REQUIREMENT: The lines from the one holding "Aviary Orange Aesthetic" to the final line of the listing below are to be duplicated exactly, with both ends included and pictures omitted.

PROVIDED DATA:

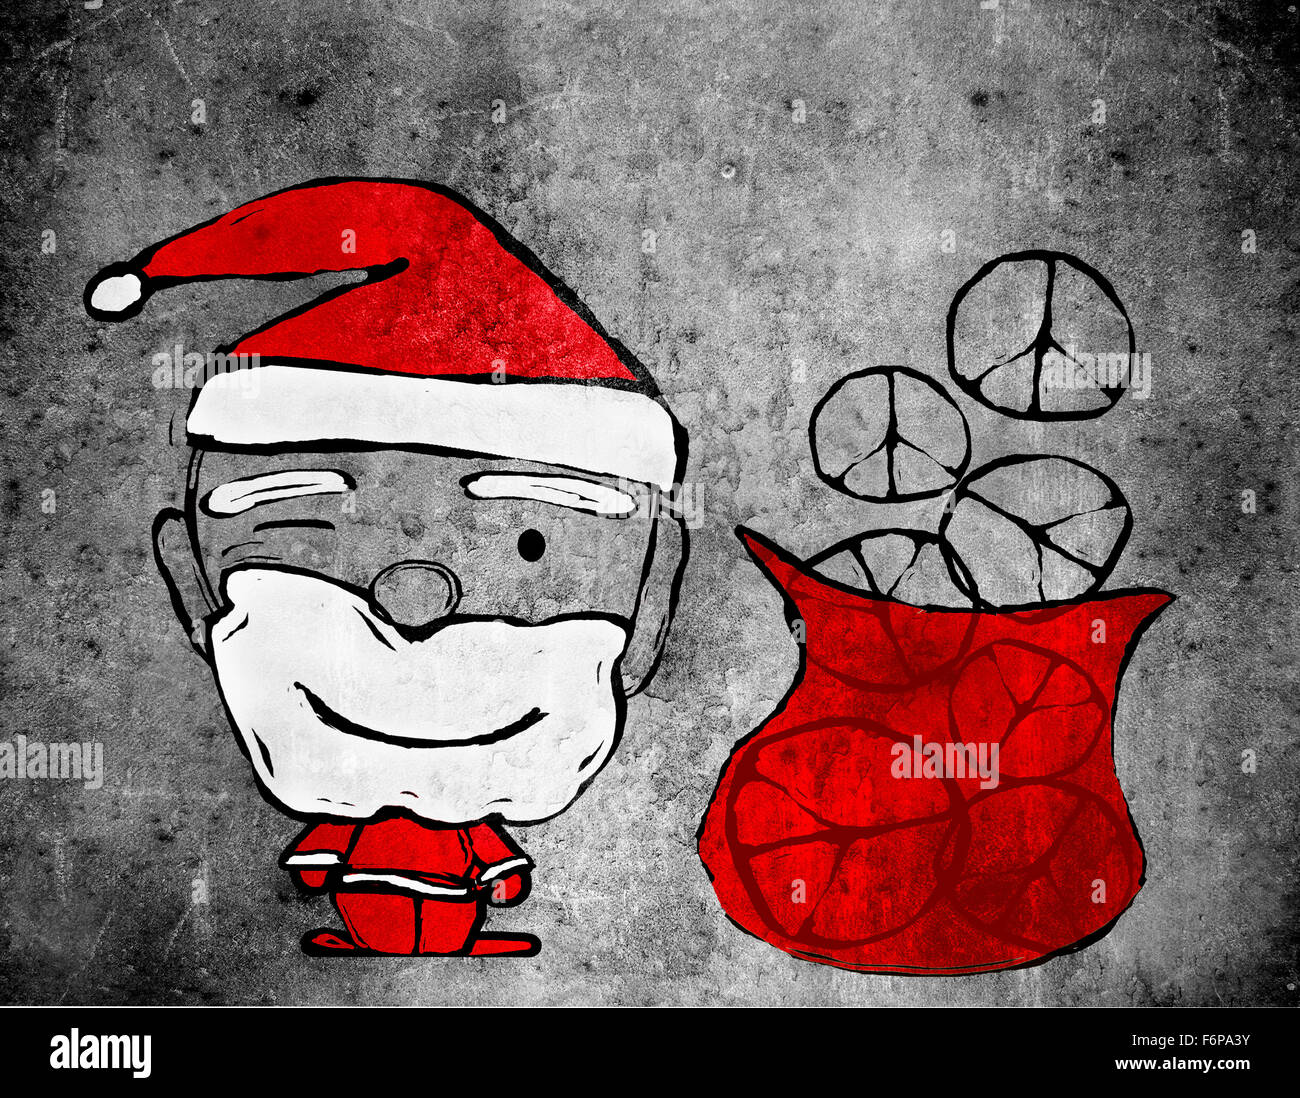 Santa Claus and peace symbols digital illustration Stock Photo
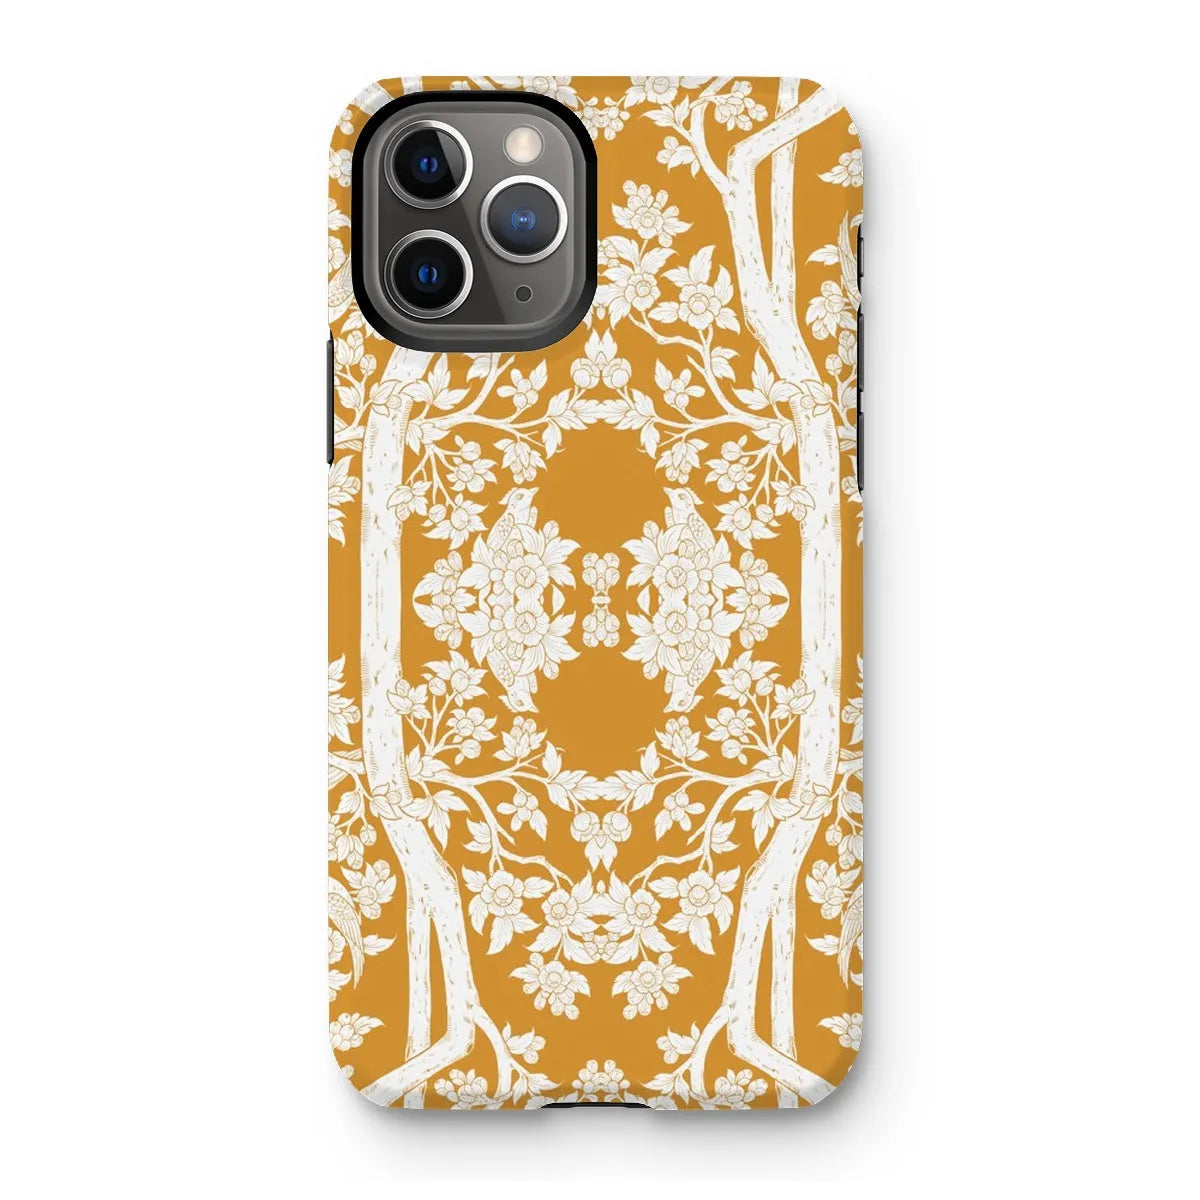 Aviary Orange Aesthetic Pattern Art Phone Case - Iphone 11 Pro / Matte - Mobile Phone Cases - Aesthetic Art
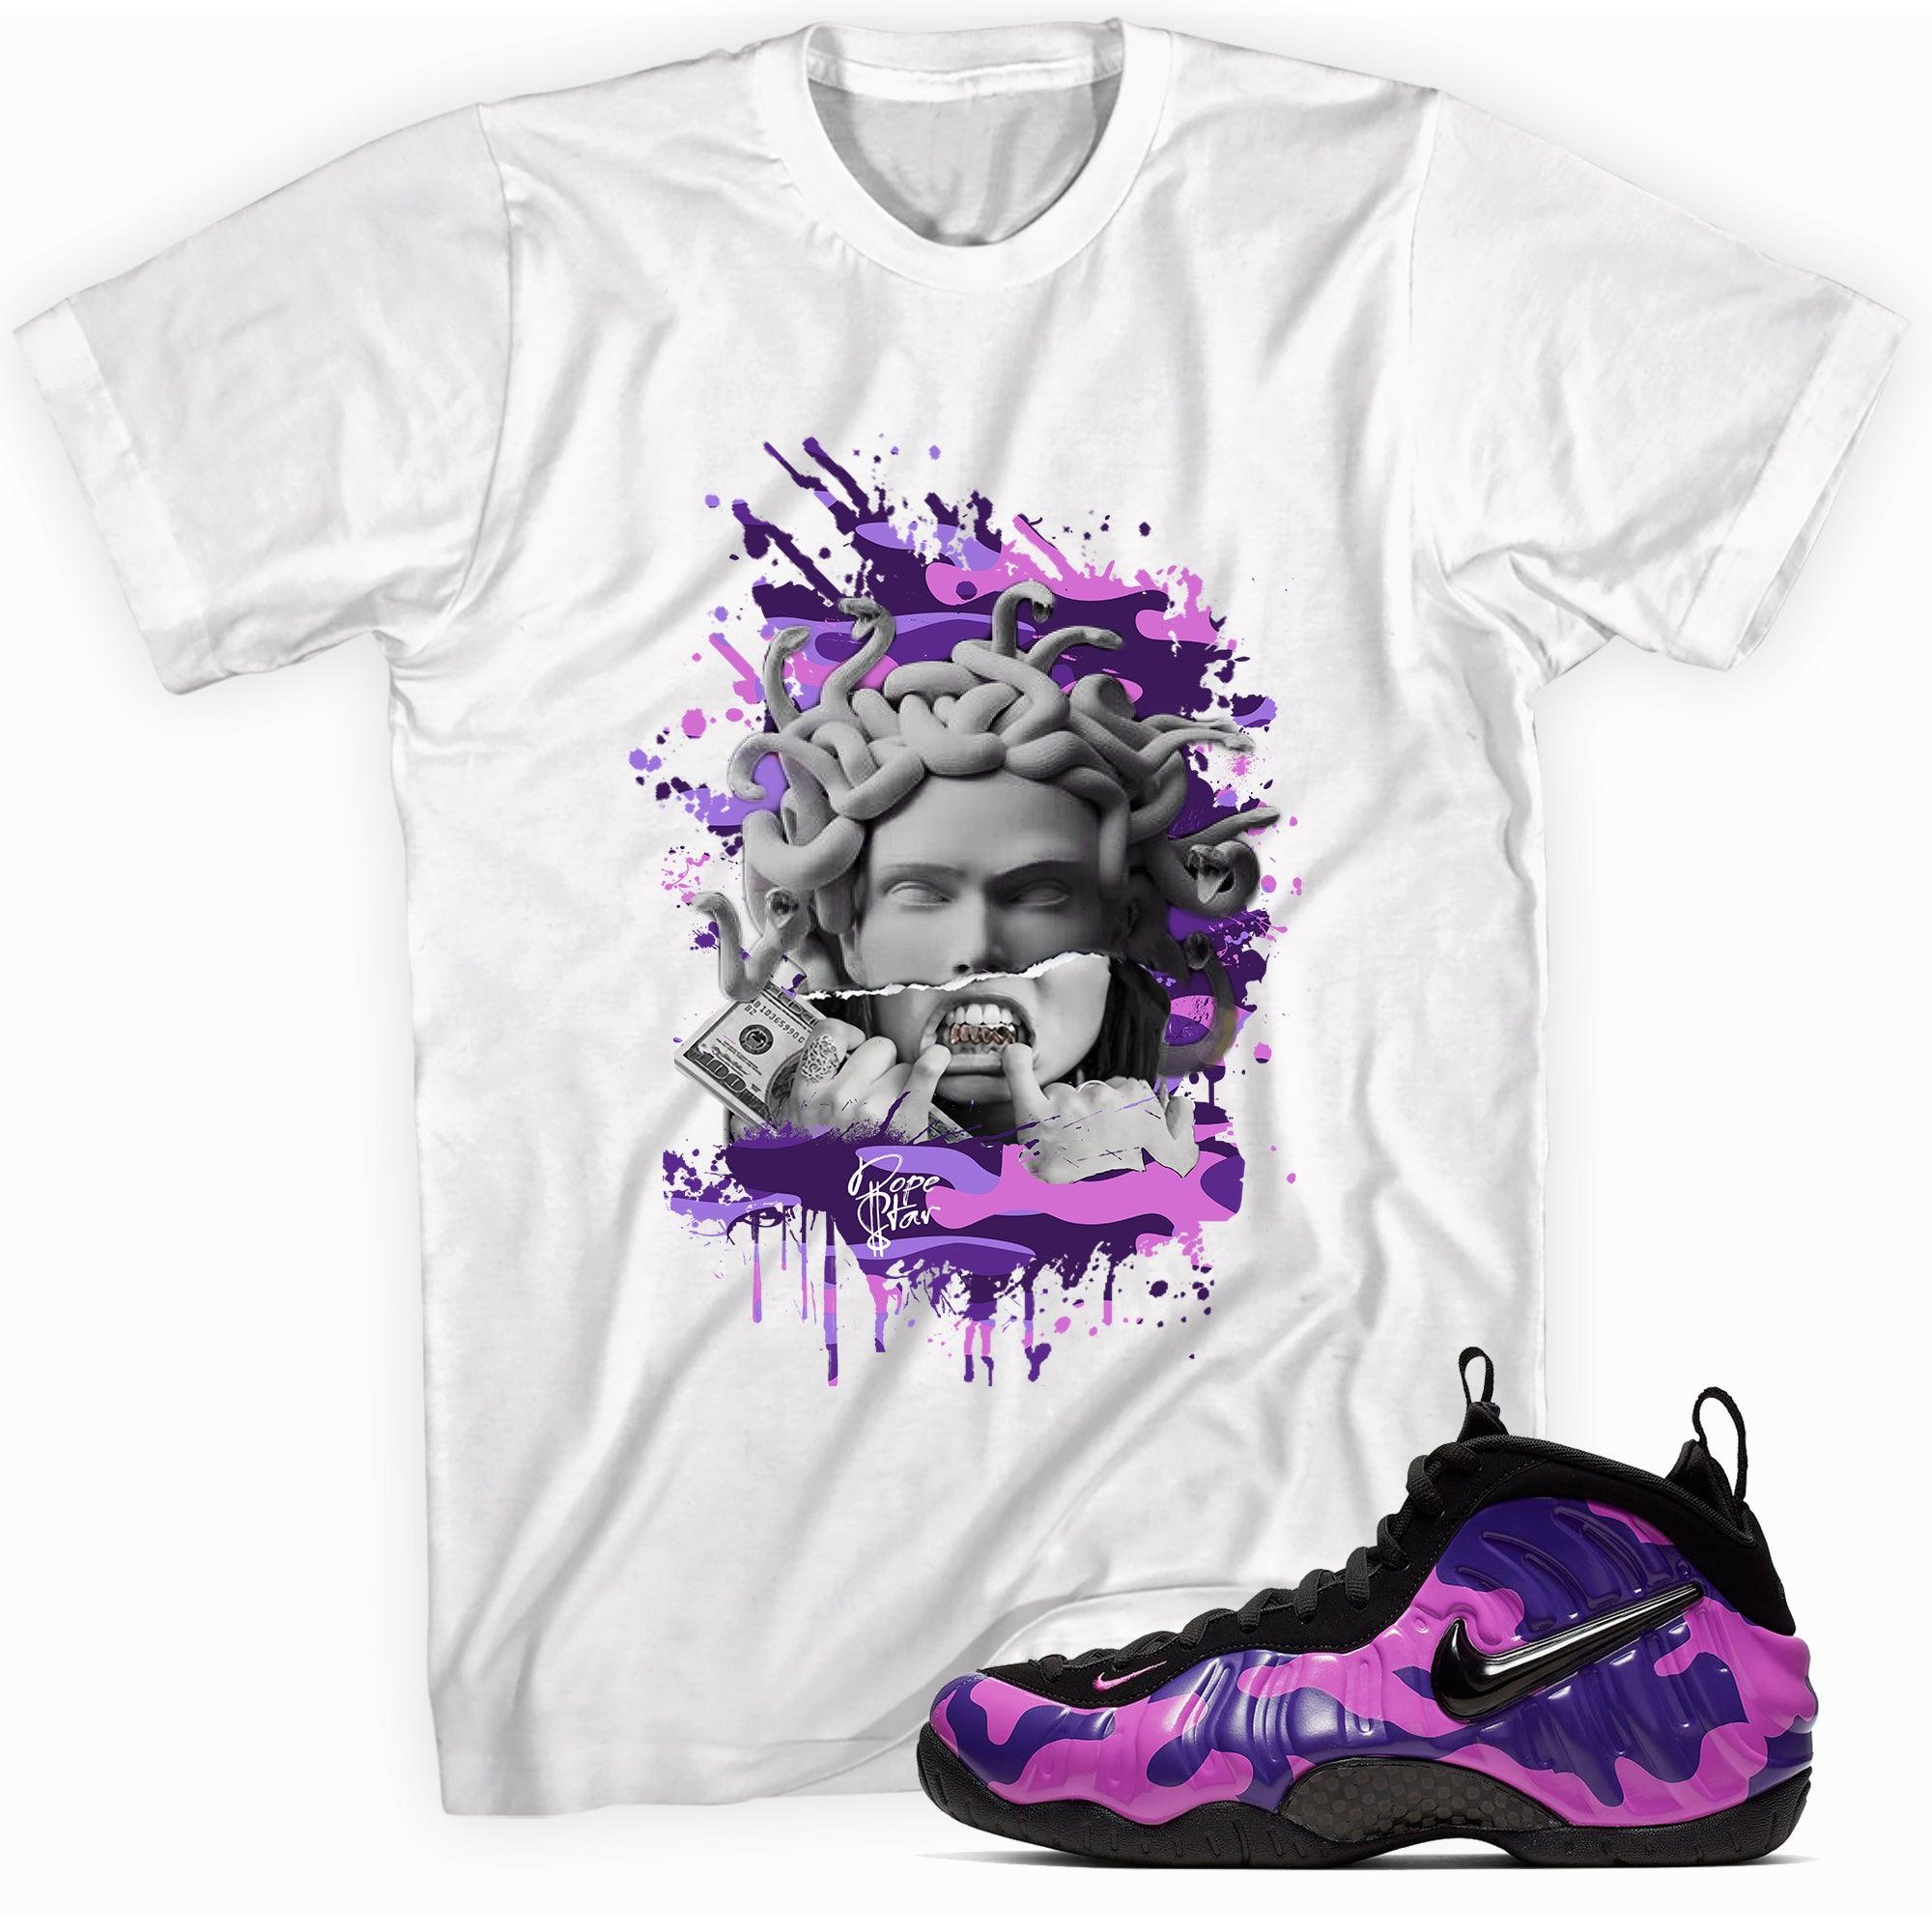 Medusa T-Shirt Air Foamposite Ones Purple Camo photo

EXERCISE RESULT:
 Aviary Orange Aesthetic Pattern Art Phone Case - Iphone 11 Pro / Matte - Mobile Phone Cases - Aesthetic Art
 Medusa T-Shirt Air Foamposite Ones Purple Camo photo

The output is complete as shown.